On this tutorial, now we have demonstrated the ability and suppleness of PyBEL for modeling complicated organic techniques. We confirmed how simply one can assemble a curated white-box graph of Alzheimer’s illness interactions, carry out network-level analyses to establish key hub nodes, and extract biologically significant subgraphs for centered research. We additionally coated important practices for literature proof mining and ready knowledge constructions for compelling visualizations. As a subsequent step, we encourage you to increase this framework to your pathways, integrating further omics knowledge, working enrichment exams, or coupling the graph with machine-learning workflows.

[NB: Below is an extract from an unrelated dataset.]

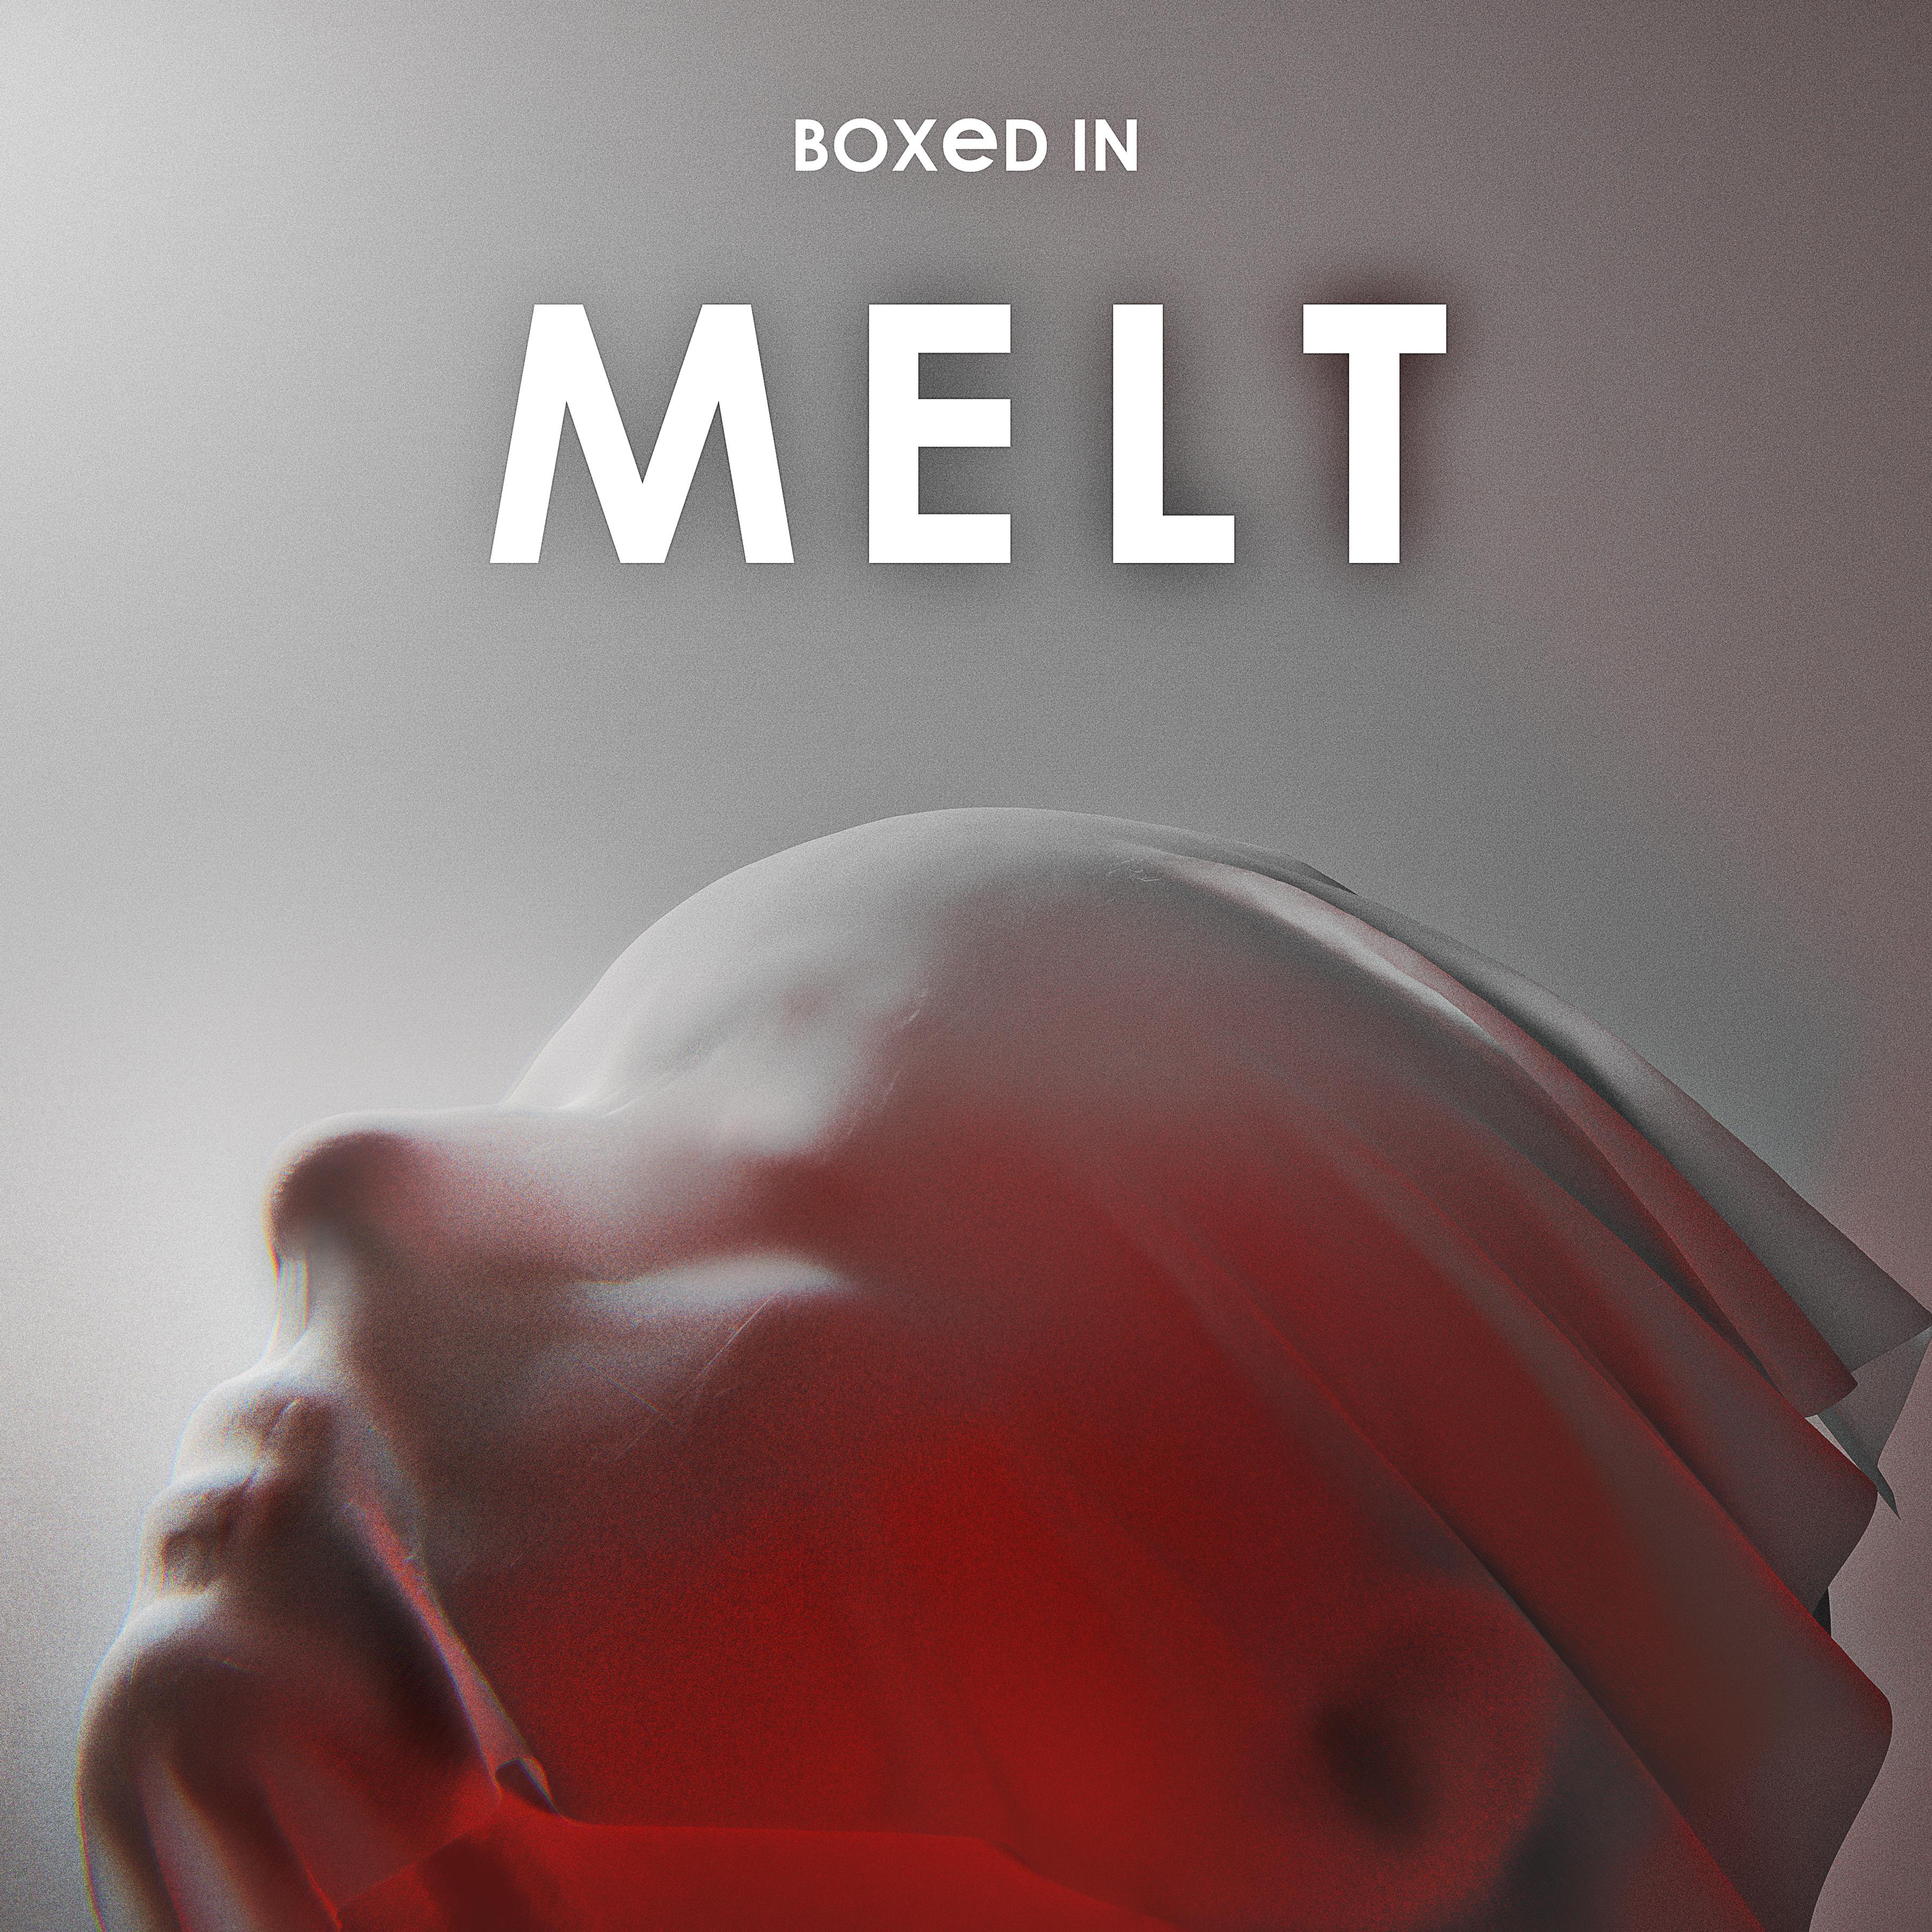 boxedin_melt_3600

Try the Codes right here. All credit score for this analysis goes to the researchers of this challenge. Additionally, be happy to observe us on Twitter and don’t overlook to hitch our 100k+ ML SubReddit and Subscribe to our E-newsletter.

Sana Hassan, a consulting intern at Marktechpost and dual-degree scholar at IIT Madras, is captivated with making use of expertise and AI to deal with real-world challenges. With a eager curiosity in fixing sensible issues, he brings a recent perspective to the intersection of AI and real-life options.